THE DATA:
BEGIN

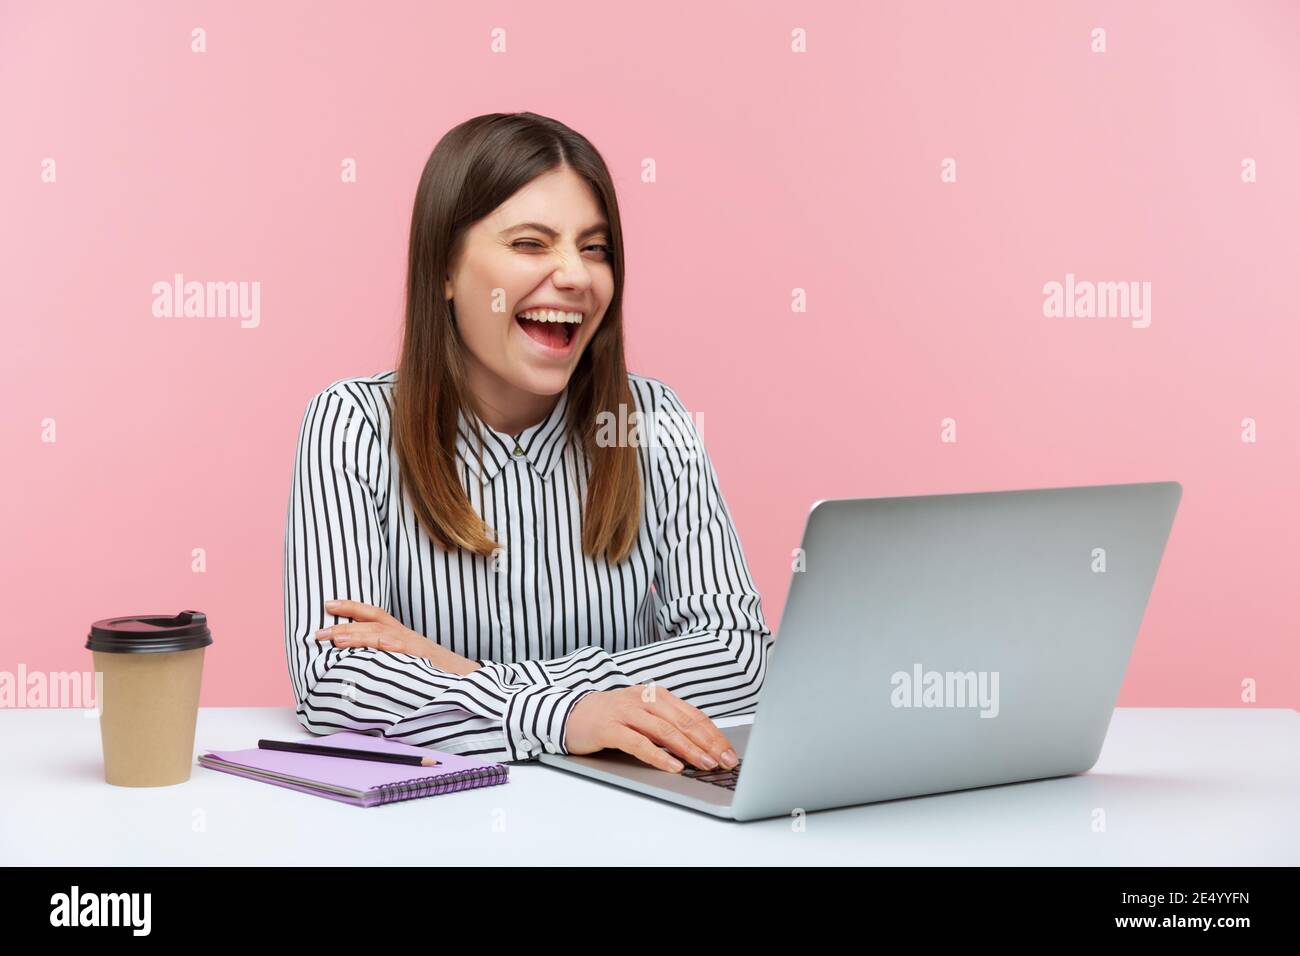 Mischievous excited woman office worker in striped shirt sitting at workplace and winking, looking at camera with toothy smile, good mood, happiness. Stock Photo
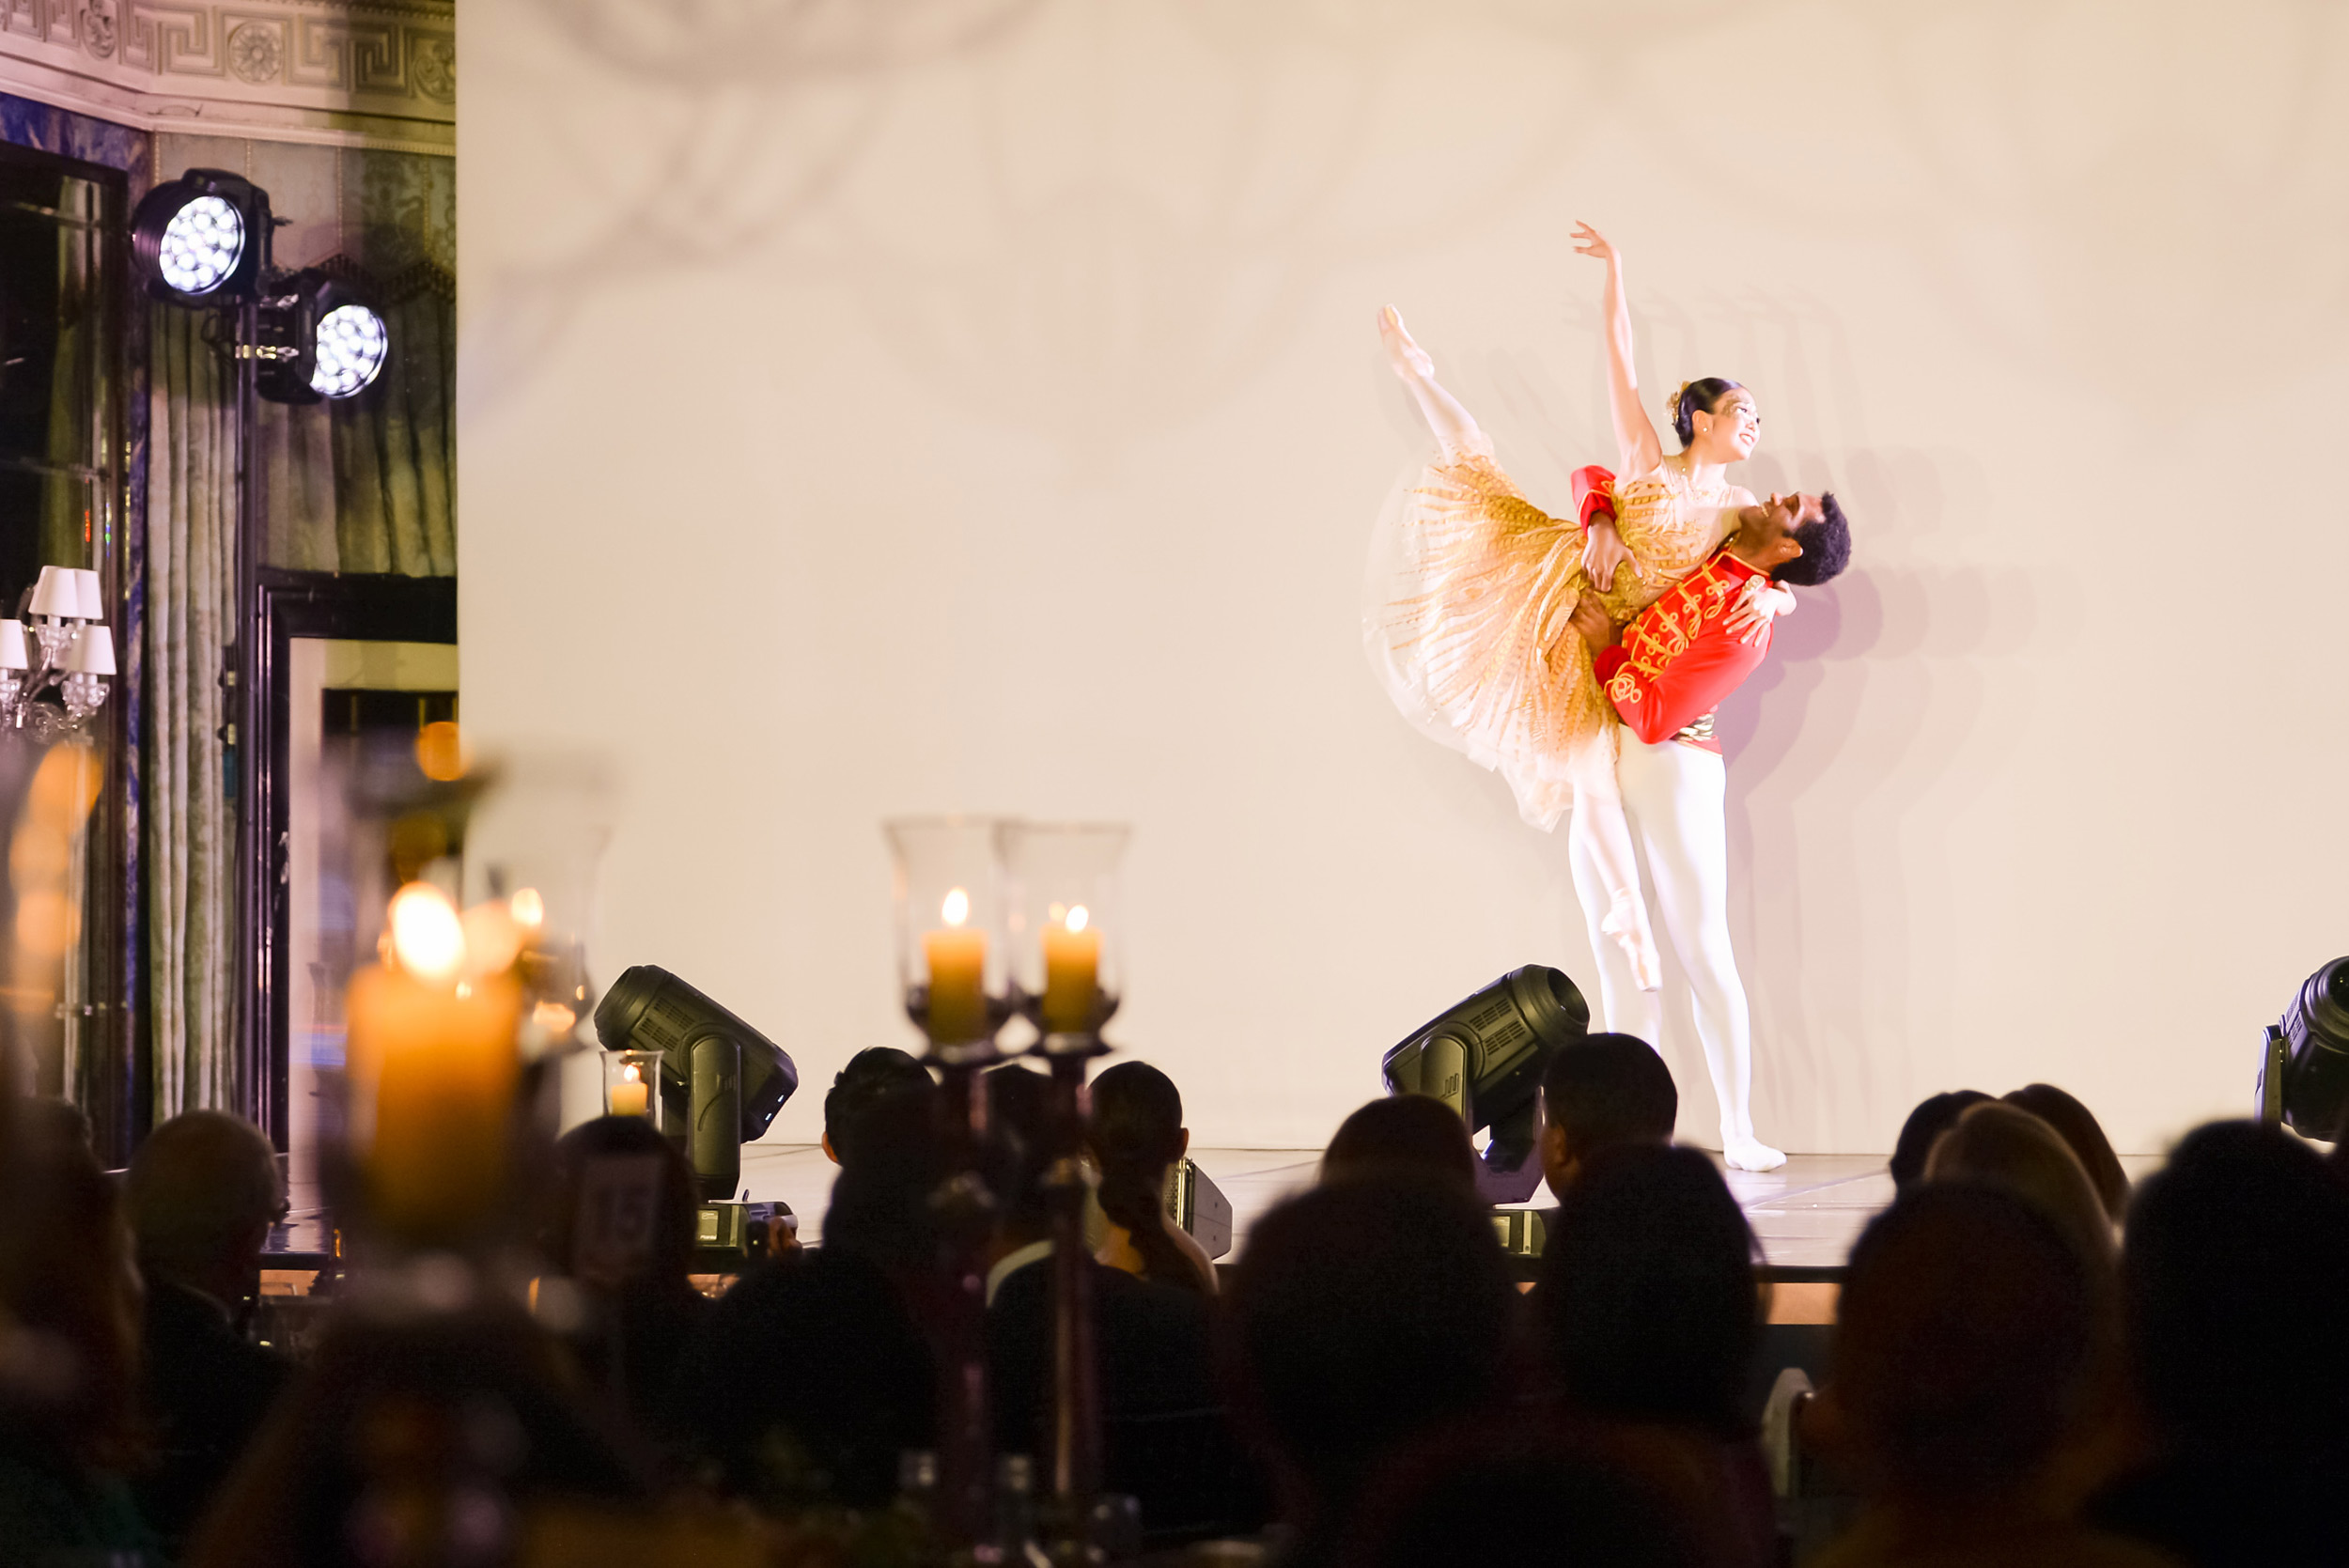 Shiori Kase and Junor Souza performing an extract from Christopher Wheeldon's Cinderella at our Spring Gala 2019 © Photography by ASH
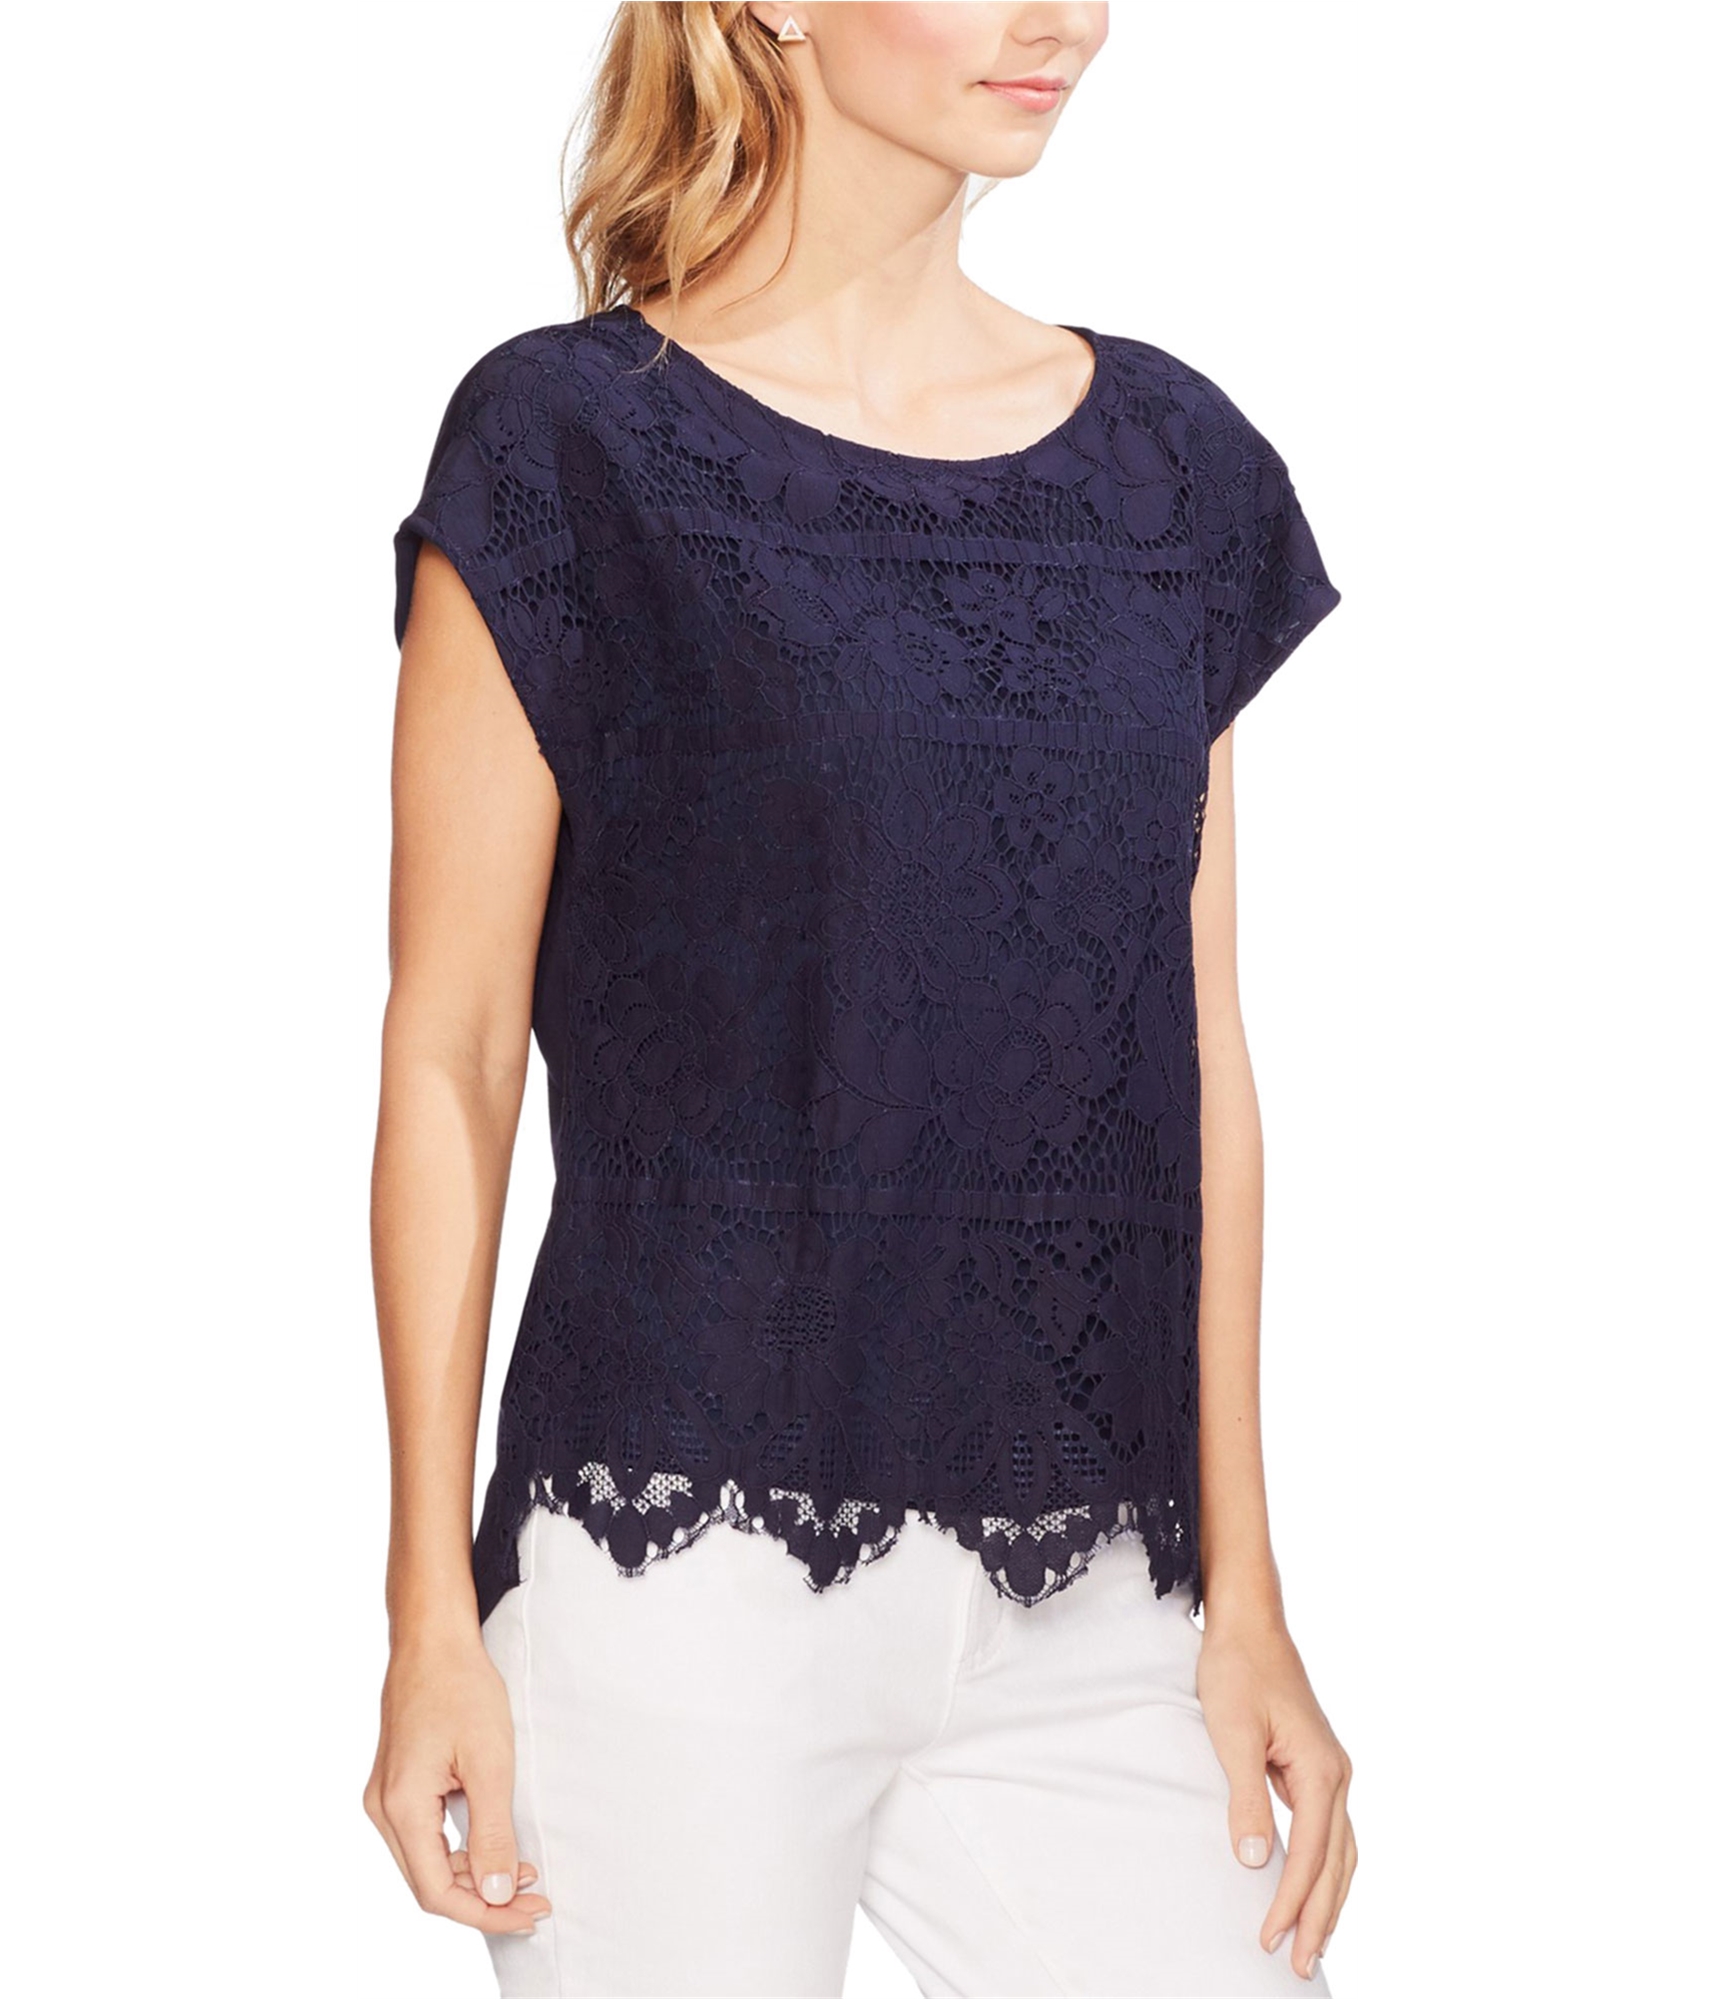 woman-wearing-lace-overlay-top

END

YOUR INSTRUCTIONS: Please output each line above exactly and omit all images.

SOLUTION TO THE EXERCISE:
 Mischievous excited woman office worker in striped shirt sitting at workplace and winking, looking at camera with toothy smile, good mood, happiness. Stock Photo
 Shiori Kase and Junor Souza performing an extract from Christopher Wheeldon's Cinderella at our Spring Gala 2019 © Photography by ASH
 woman-wearing-lace-overlay-top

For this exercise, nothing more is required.